---------- STORED DATA

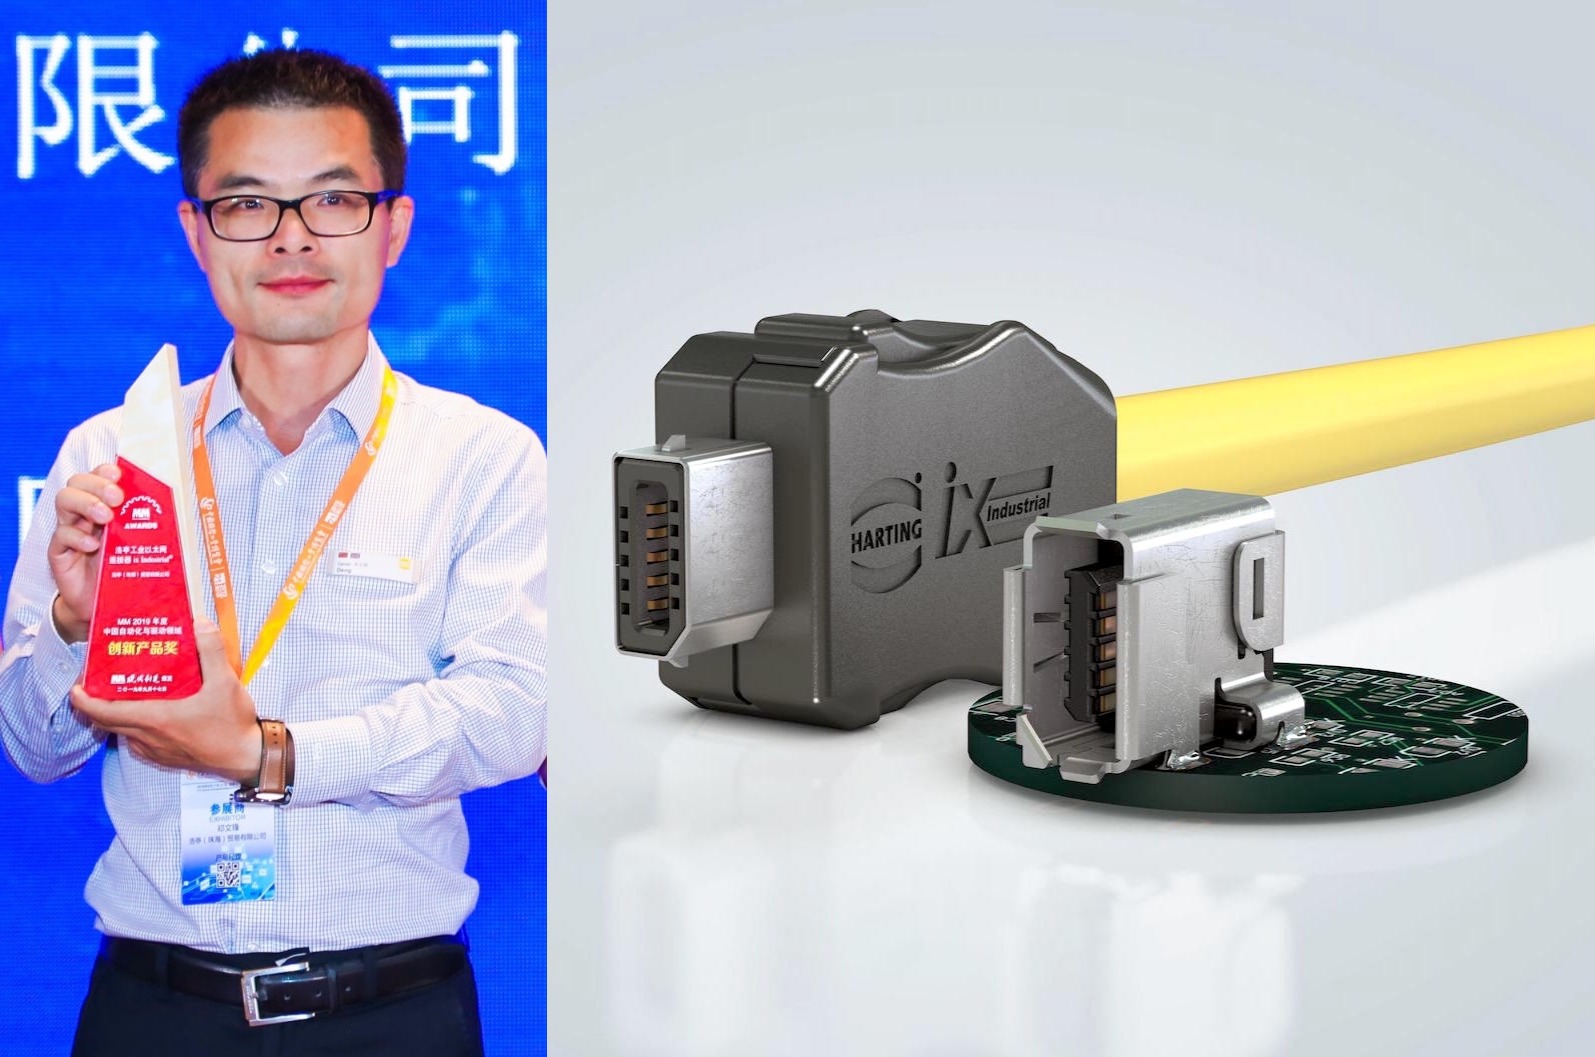 October 2019 Connector Industry News - HARTING's Innovative Product Award for the ix Industrial Ethernet Connector
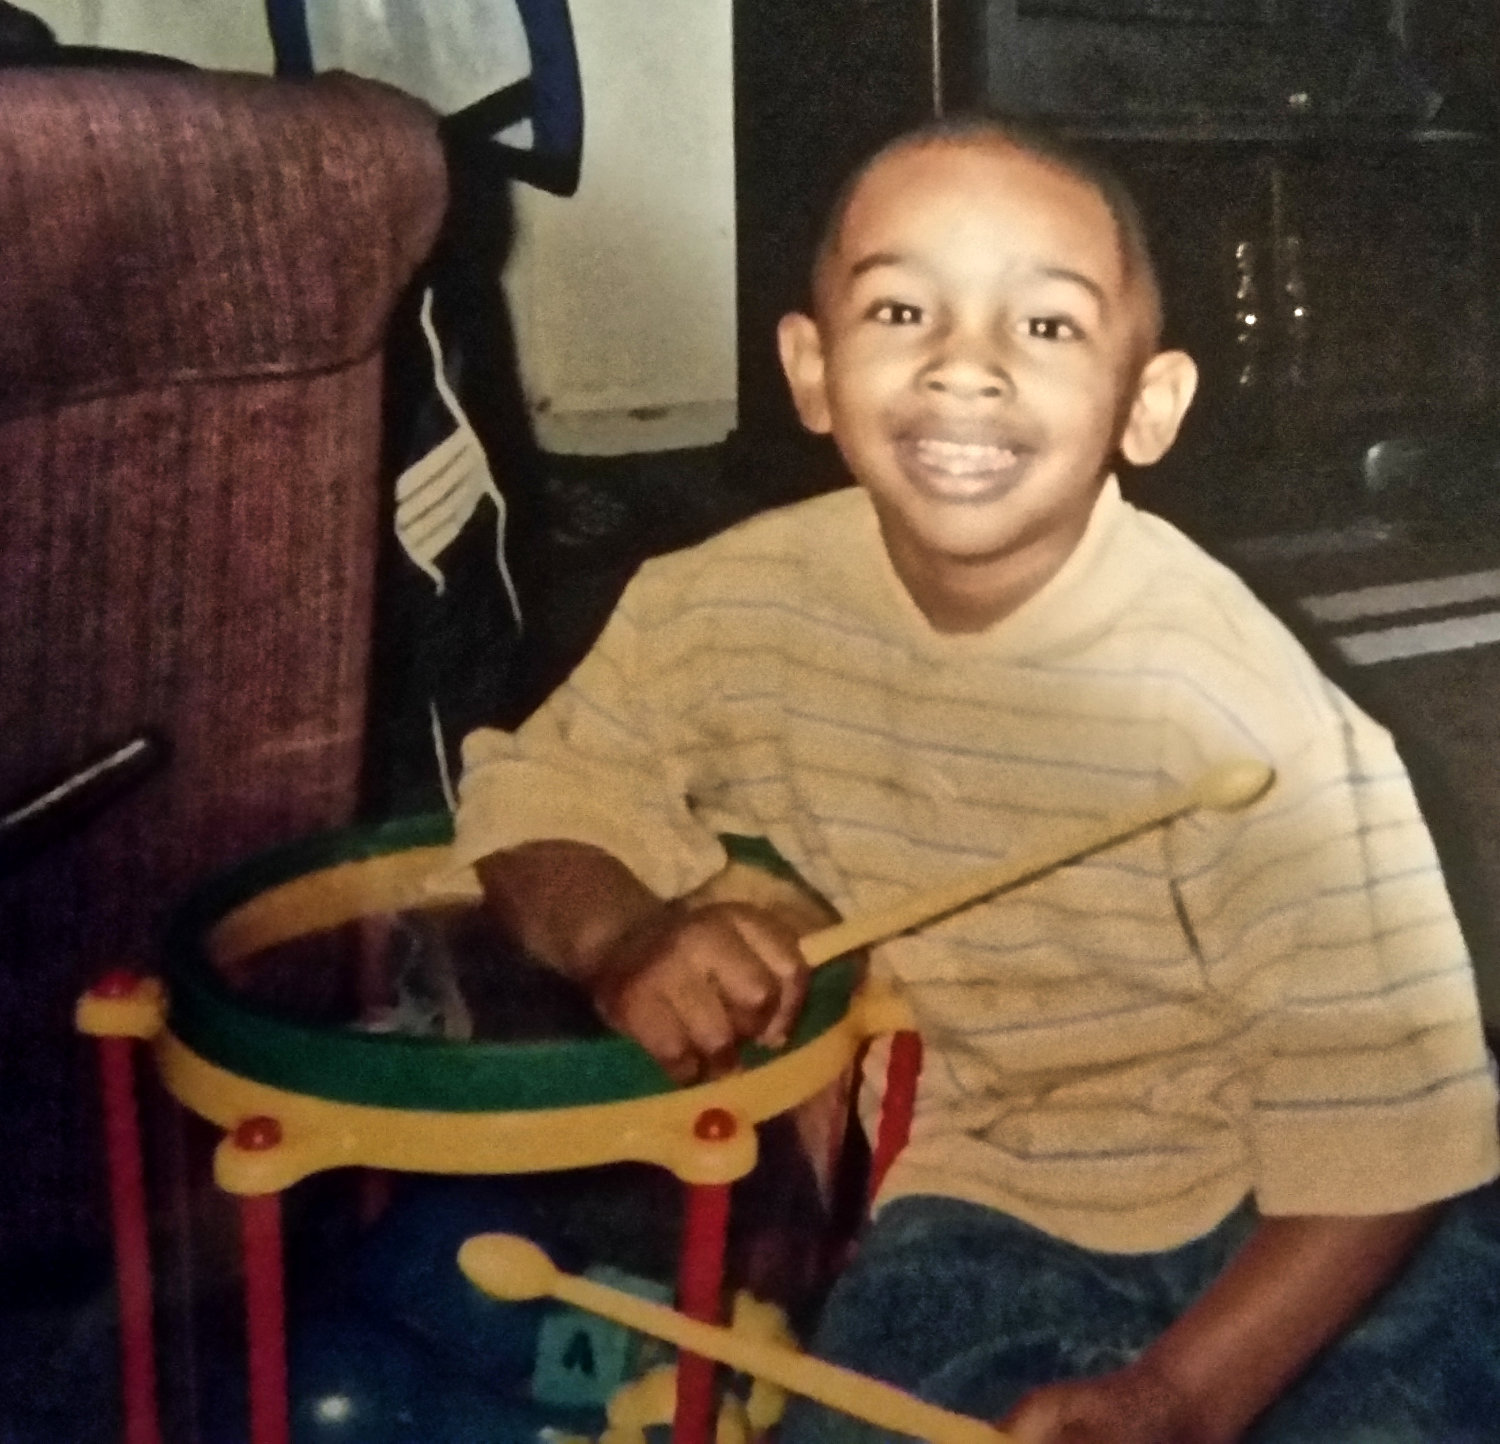 A young Jaylon Harper with his drums.
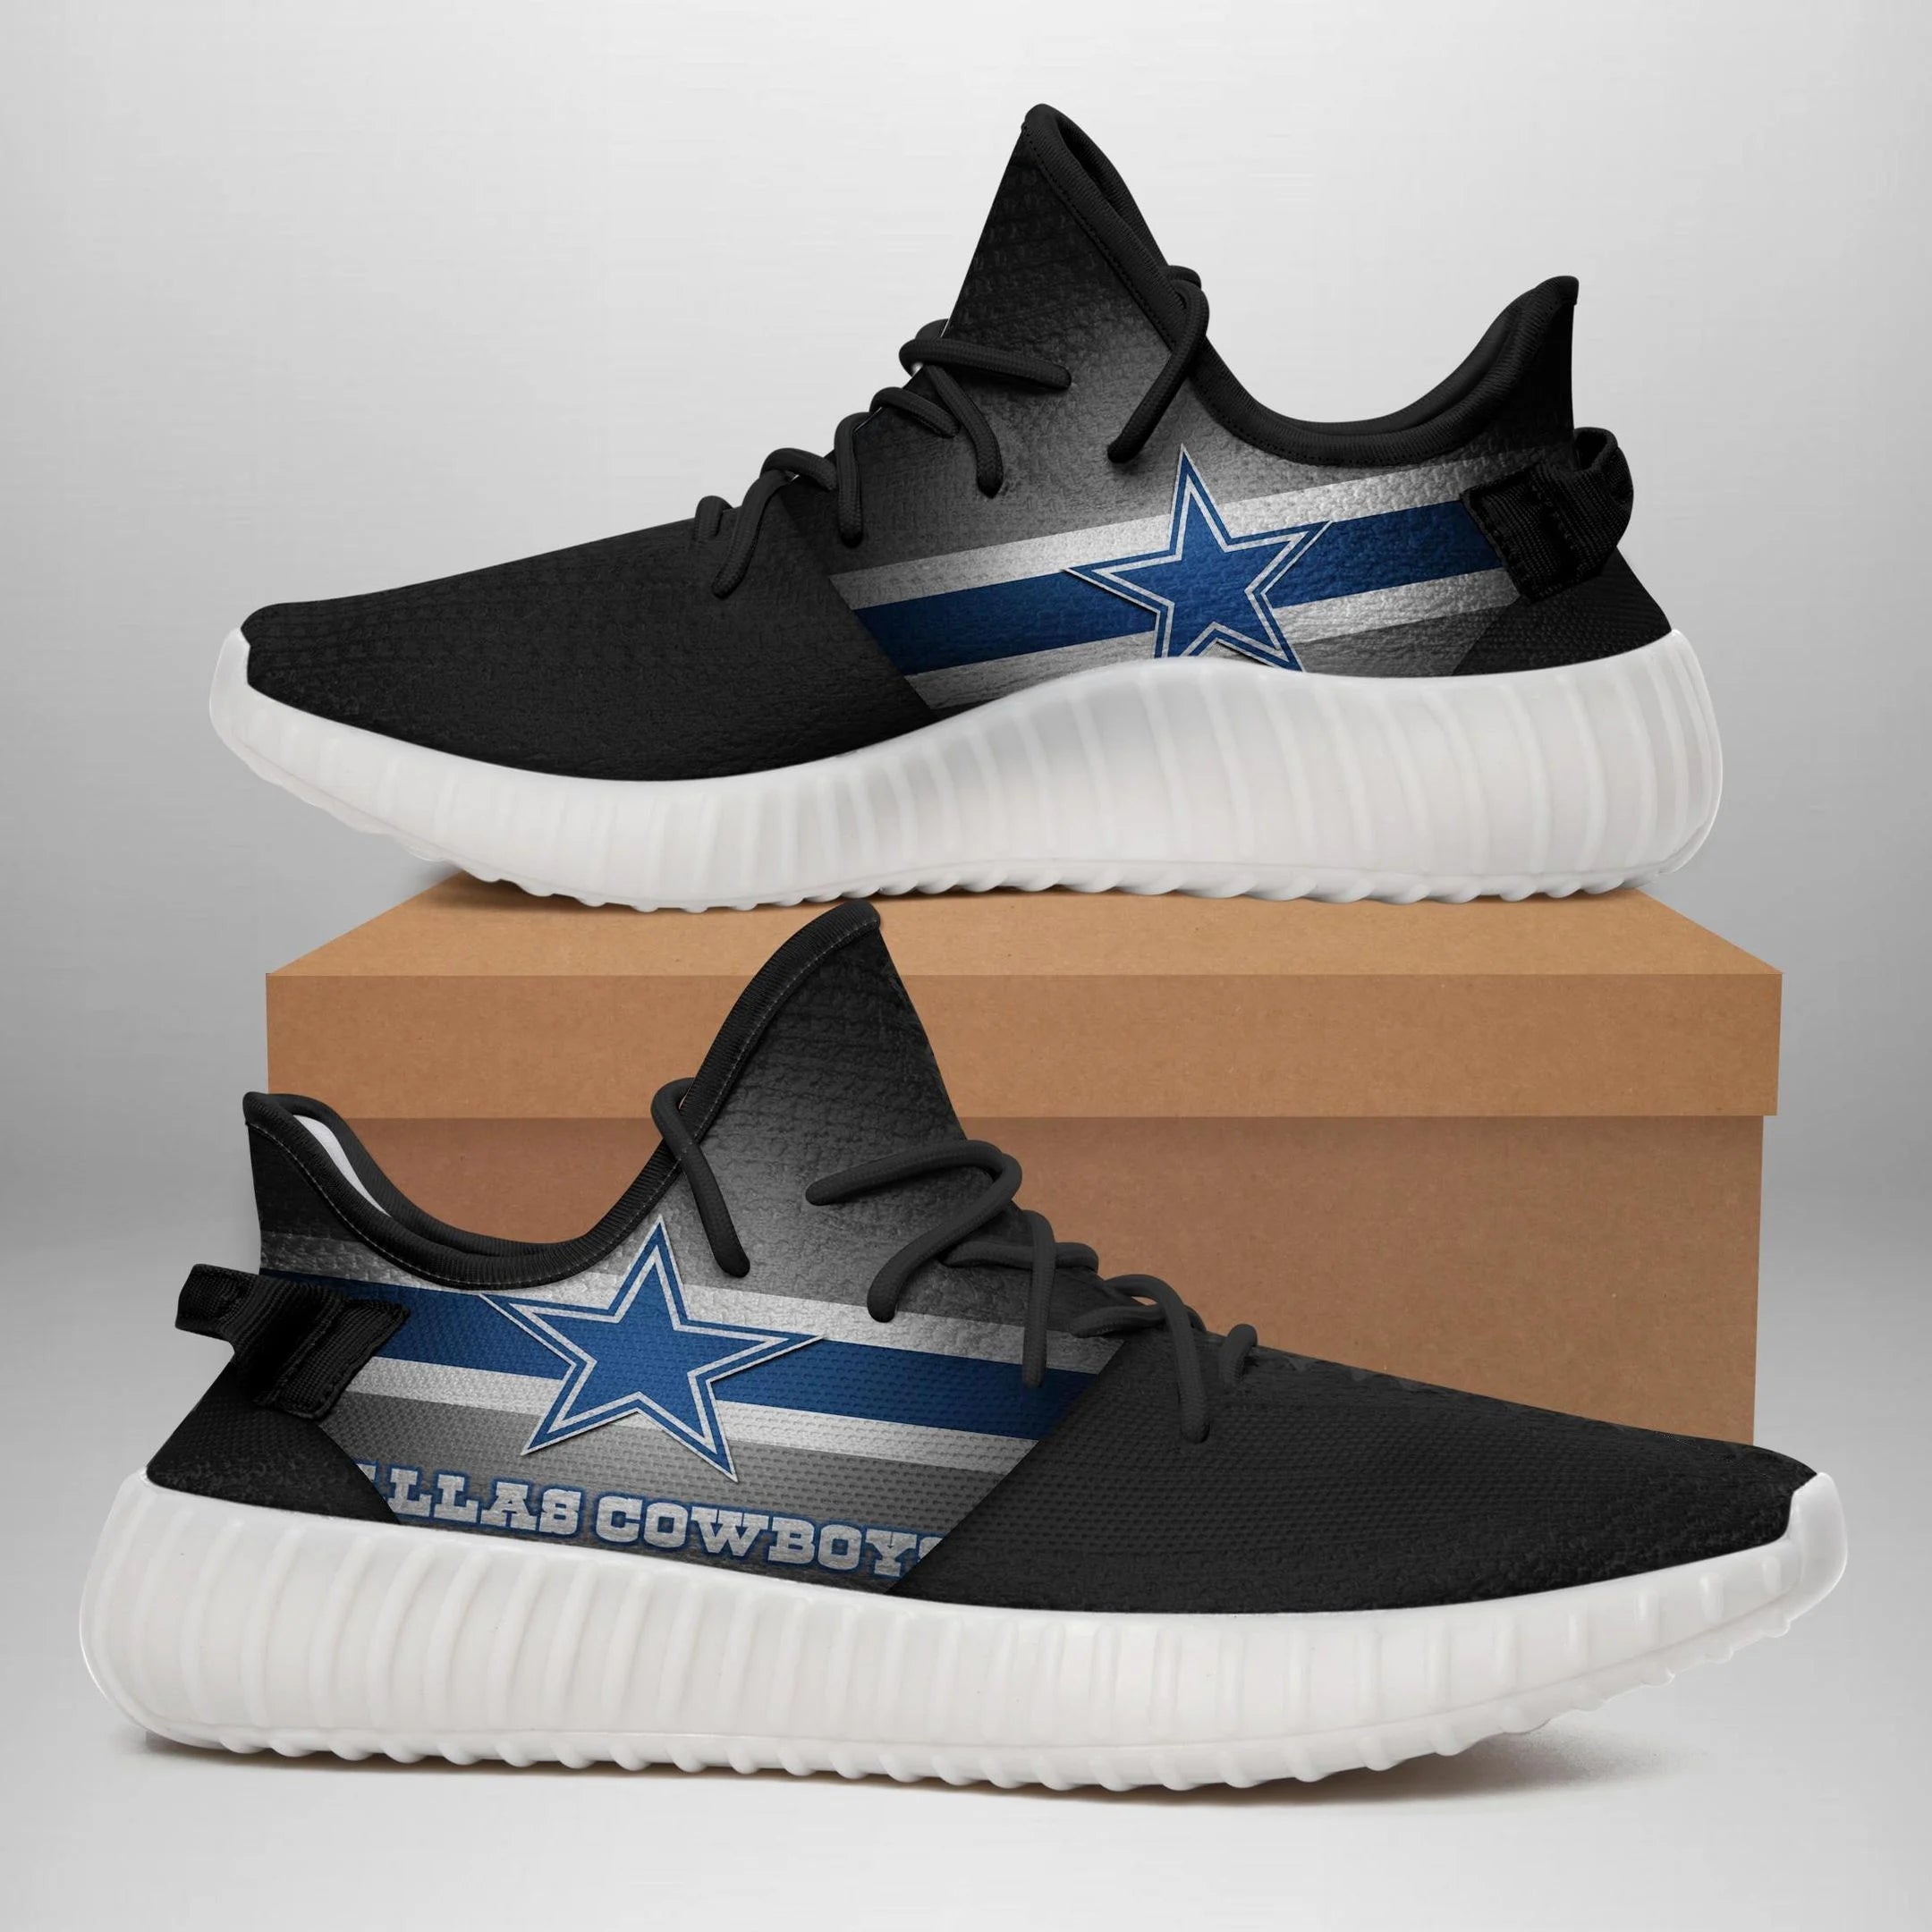 Buy DALLAS COWBOYS YEEZY SHOES Yeezy Boost 350 V2 Top Trending Custom Shoes Gift

--------------------

EXERCISE OBJECTIVE => Every line above should be copied exactly, apart from any pictures.

EXERCISE RESULT =>
 October 2019 Connector Industry News - HARTING's Innovative Product Award for the ix Industrial Ethernet Connector
 A young Jaylon Harper with his drums.
 Buy DALLAS COWBOYS YEEZY SHOES Yeezy Boost 350 V2 Top Trending Custom Shoes Gift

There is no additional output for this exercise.